Given America’s wealth, one marvels that America has produced no architectural Wonder of the World. How is it that, with America’s great resources, the nation could not create some lasting collective architectural monument for human posterity? Whether traversing rural America or stalking the streets of urban slums, one sees little evidence to indicate the proud wealth and power of America. The urban wilderness of America, which since the 1970s has functioned as the primary source of innovations in popular culture, cultivates purposely an image of ignorance and sullen ugliness, evident in the landscape, the violent behavior of its inhabitants, and their disdain of education and intellect. The urban popular culture has its origins in commerce, not art. Whereas art is born and nurtured over time within a community of individuals sharing like values, the popular culture of America is unnatural and contrived. American culture depends on an insanity of novelty, far removed from expressions that have an authentic origin in the folk.
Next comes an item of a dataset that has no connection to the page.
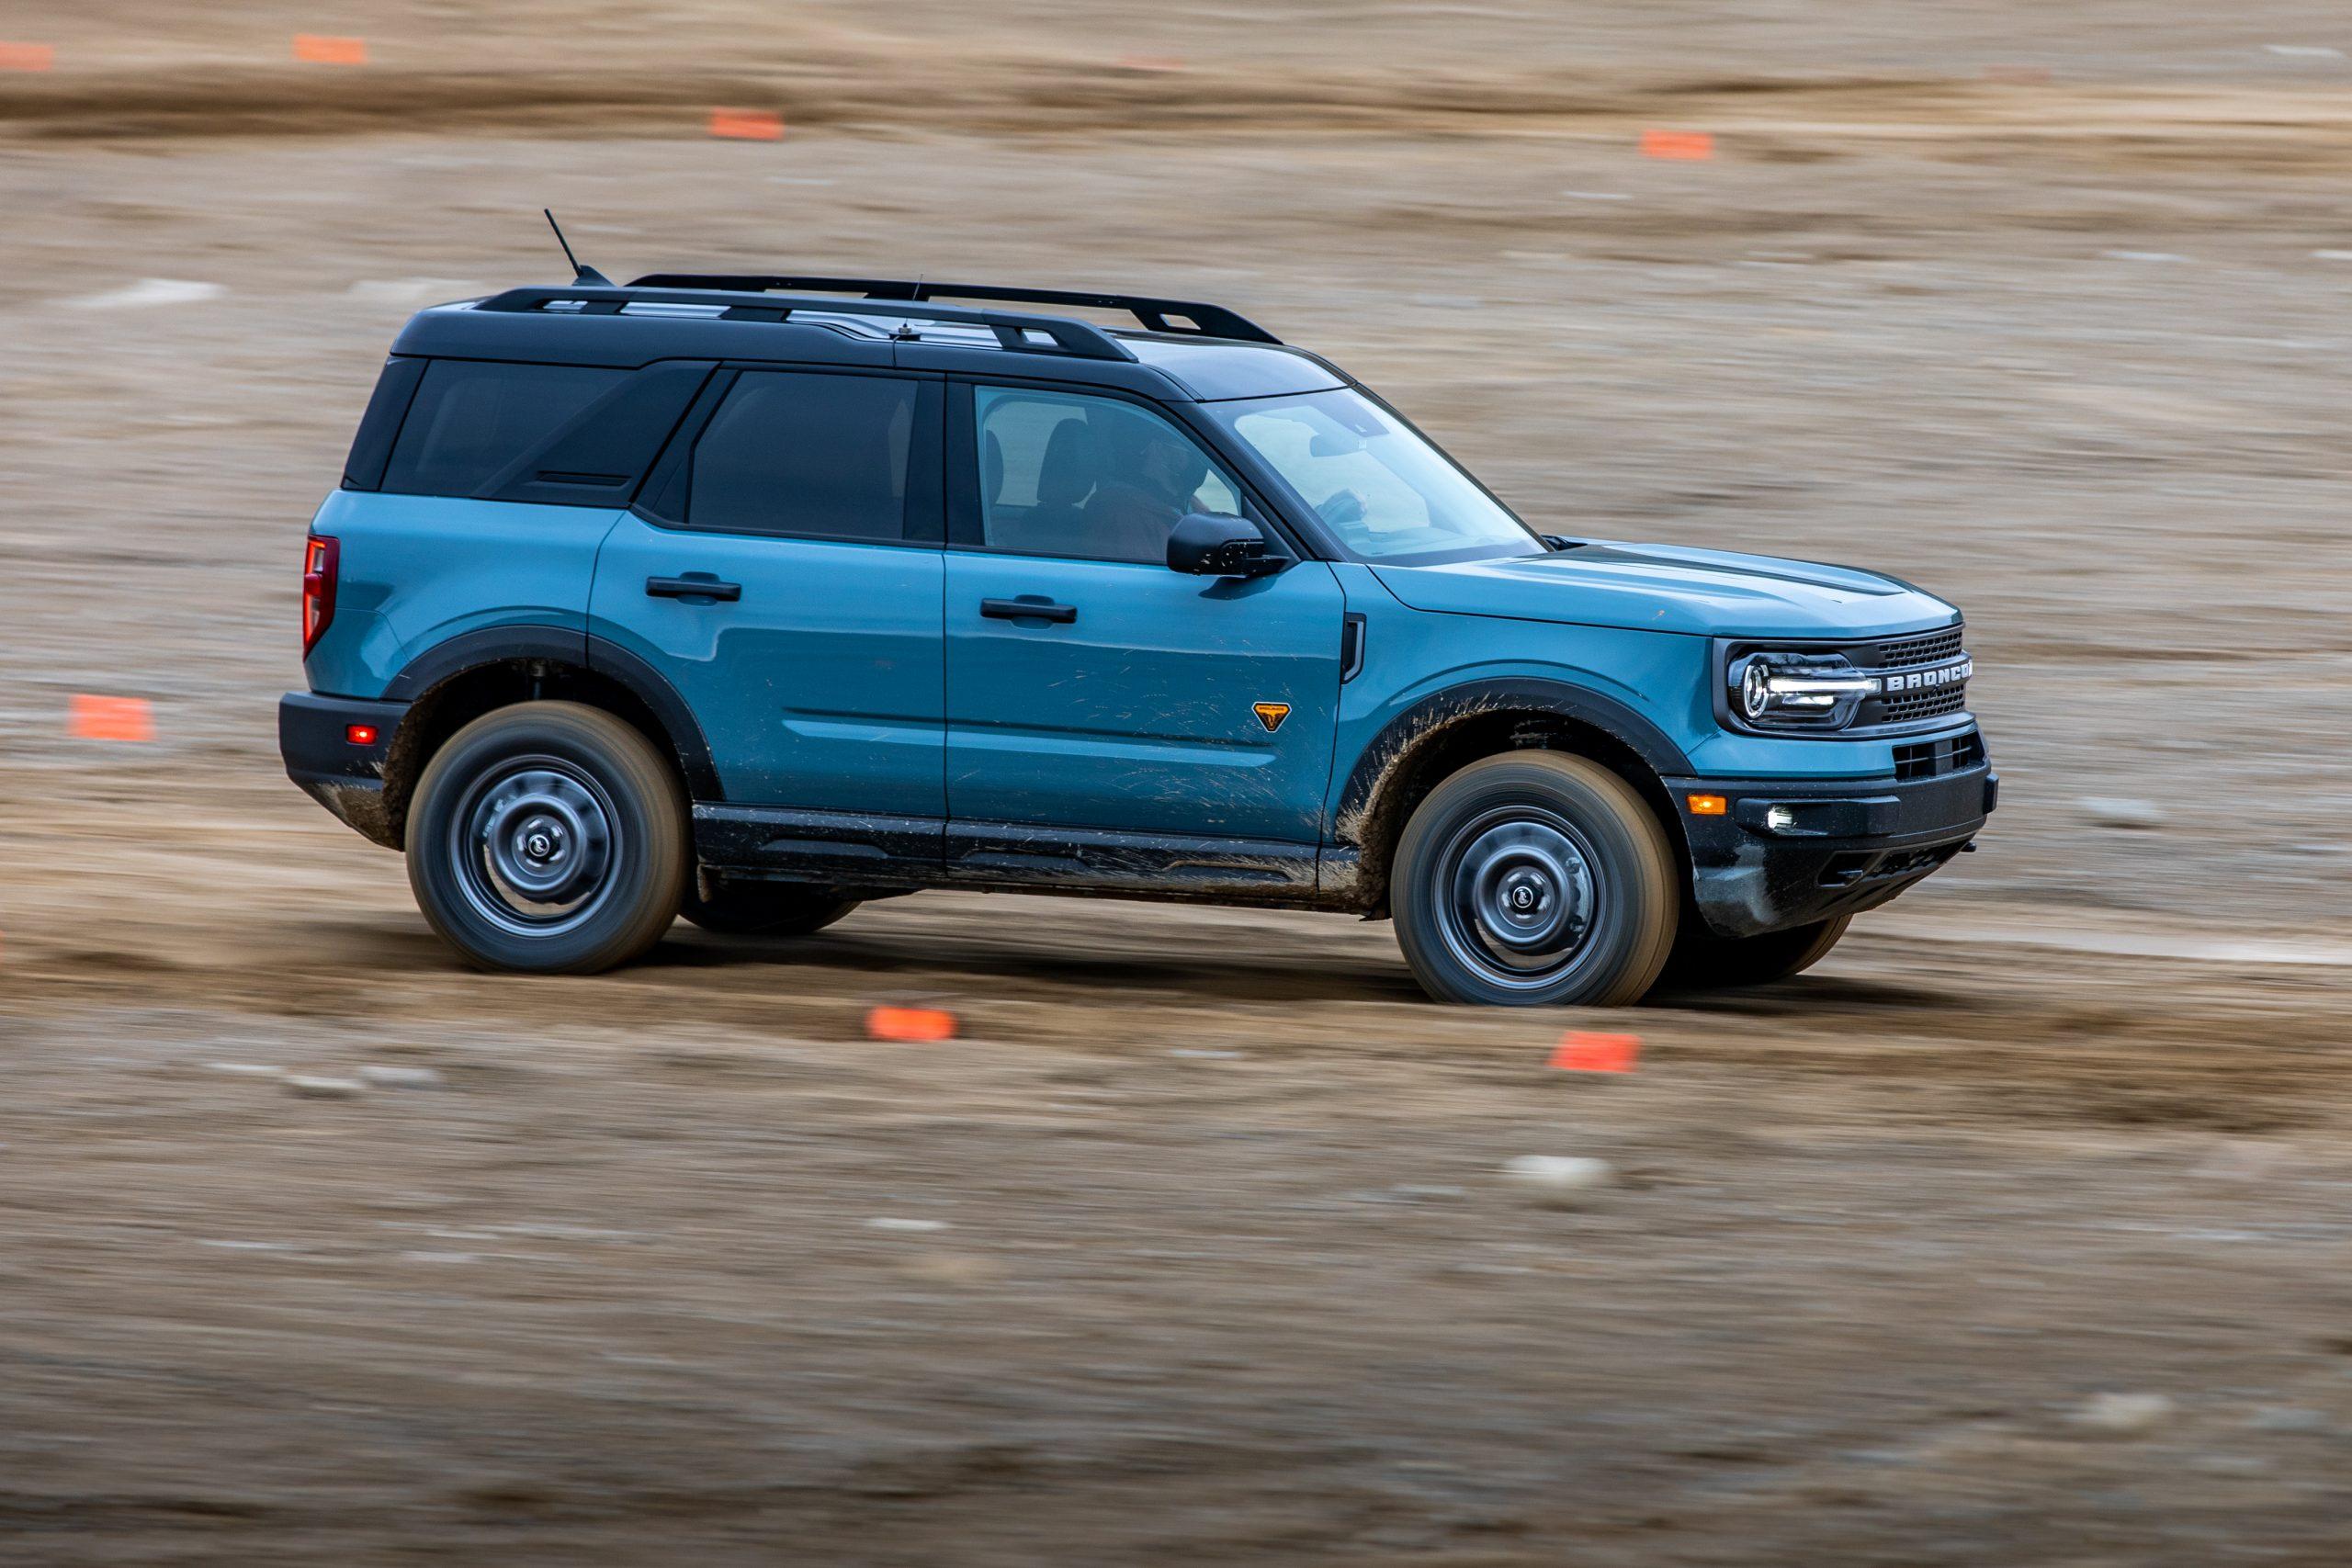 2021 Bronco Sport side profile dirtcross

The situation in rural America is no less discouraging. For some years I regularly traveled an interstate that crosses what, for me is, an earthly revelation of hell. Both sides of the interstate are strewn there with junked automobiles; rickety wooden shacks and mobile homes; rusting manufactured metal sheds; insignificant businesses revolving around automobile engines, bodies, and tires; and frightful little white wood-frame churches from which heresies and hatreds are spewed Sundays and Wednesdays. Speeding away one day in an effort to escape the place, I was stopped and ticketed. I decided to fight the speeding charge, which meant I had to return to the local court a month later. I knew already what I would encounter. The hearing then was delayed by a discomforting wedding ceremony which involved an immense bride, a slim sloppy groom in blue jeans, both in their late 30s, and a small entourage of relatives with the same empty eyes and expressions, the same neglected appearance as the wedding pair. The single mother of the groom loudly and proudly proclaimed to strangers her joy to “finally got her son married.” Had there been no entourage, one might have explained it away as two individuals with disabilities. But it was clear that the ugliness and emptiness were collective, common to a whole community, an entire culture. I have since shuddered every time I passed through that spot in the “greatest nation on earth.”
The idyll of suburbia has brought comfort to some Americans. Proud American suburbanites see only beauty in the symmetrical rows of similar ranch style homes (or homes of whatever style happens to be popular for the decade) surrounded by manicured yards. That greenery serves not as a retreat for humans to commune with nature, but as a boundary separating anonymous inhabitants of adjacent housing. (Some other nations, by contrast, tolerantly cultivate their “weeds” with grasses and flowers; thus, one nation’s weed is another’s flower). Those boundaries are important for Americans, guaranteeing the sacred American privacy that isolates one individual from another.
American suburbia displays its own unique ugliness in the symbols of commercial life that are the same throughout America (and increasingly, the world). It is unsettling for me to know that two individuals at the same moment can enter a franchised fast food joint in Alaska and Florida, read simultaneously the same menu, and receive at the same synchronized moment an identical portion of food previously manufactured in a common commercial vat at a processing plant at still a third location. One cannot help but wonder what ends might be accomplished for humanity had some nation other than America control of such marvelous energies and resources.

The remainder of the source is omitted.